Subjects with pancreatic acinar cell carcinoma may also be included.

- Is previously untreated for metastatic pancreatic ductal adenocarcinoma; metastatic
disease must have been diagnosed within the past 3 months; and subject is expected to
receive standard treatment with gemcitabine and nab-paclitaxel. Subjects who have had
planned or prior surgery, such as a Whipple procedure, with or without
neo-adjuvant/adjuvant chemotherapy may be included.

- Life expectancy ≥ 3 months.

- Measurable disease on computed tomography (CT) or magnetic resonance imaging (MRI)
scan by RECIST v1.1 criteria.

- Eastern Cooperative Oncology Group (ECOG) Performance Status 0-1.

- Adult, age ≥ 18 years, male or female.

- Females of child-bearing potential must have a negative serum pregnancy test within 14
days prior to start of study treatment and must use an adequate method of
contraception during the study. All sexually active males must also use an adequate
method of contraception during the study. Female subjects are considered to be of
childbearing potential unless they are postmenopausal (at least 12 months of
consecutive amenorrhea, without other known or suspected cause) and over 55 years old
or have been sterilized surgically (i.e., bilateral tubal ligation, hysterectomy or
bilateral oophorectomy, all with surgery at least one month before dosing).

- Adequate bone marrow, hepatic and renal function as outlined in protocol.

- QTc interval ≤ 470 msec at Baseline.

- Willing and able to provide written informed consent: voluntary agreement to
participate in the study following disclosure of risks and procedures required.

Exclusion Criteria:

- Subjects known to be BRCA (BReast CAncer gene) positive.

- Subjects taking metformin. Diabetic subjects on treatment with metformin, or any other
derivative thereof, must discontinue it while on study (other diabetic medications are
allowed).

- History of retinopathy or macular degeneration.

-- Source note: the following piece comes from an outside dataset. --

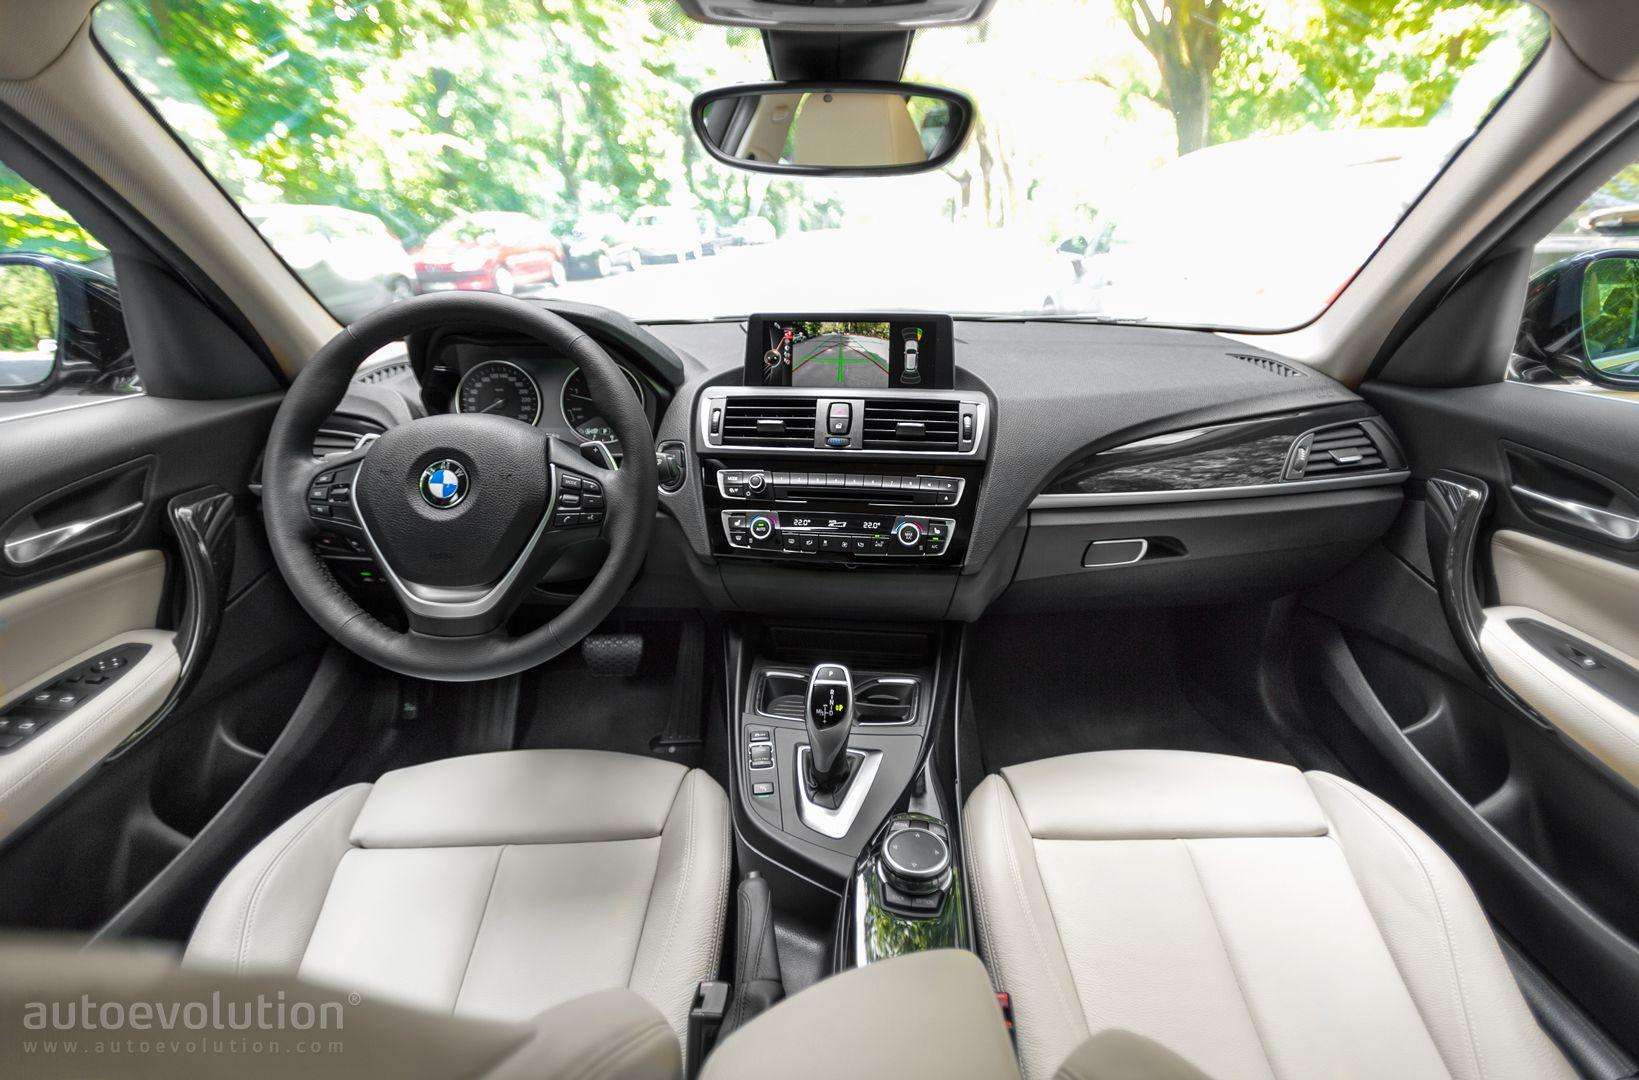 2015 bmw 1 series facelift review autoevolution

- Evidence of severe or uncontrolled systemic disease or any concurrent condition that,
in the opinion of the Investigator or Medical Monitor, makes it undesirable for the
subject to participate in the study or that would jeopardize compliance with the
protocol. Subjects with pre-existing well-controlled diabetes are not excluded.

- Medical or psychiatric conditions that compromise the subject's ability to give
informed consent or to complete the protocol or a history of non-compliance.

- Presence of islet-cell or pancreatic neuroendocrine tumor or mixed
adenocarcinoma-neuroendocrine carcinoma.

- Symptomatic central nervous system (CNS) malignancy or metastasis. Screening of
asymptomatic subjects without history of CNS metastases is not required.

- Serum albumin < 30 g/L (3.0 g/dL).

- Occurrence of deep vein thrombosis (DVT) or portal vein occlusion, pulmonary embolism
(PE), or other thromboembolic event during screening.

- Presence of known active bacterial, fungal, or viral infection requiring systemic
therapy.

- Known active infection with human immunodeficiency virus (HIV), hepatitis B or C.

- Presence of interstitial lung disease, pulmonary fibrosis, or pulmonary
hypersensitivity reaction.

- Myocardial infarction within the last 12 months, severe/unstable angina, symptomatic
congestive heart failure New York Heart Association (NYHA) class III or IV.

- Pregnant or lactating.

- Major surgery within 4 weeks of the start of study treatment, without complete
recovery.

- Known hypersensitivity to any component of study treatments.

- Participation in any other clinical investigation within 4 weeks of receiving the
first dose of study drug.

- Any history of hydroxychloroquine use (Plaquenil® and other brand names).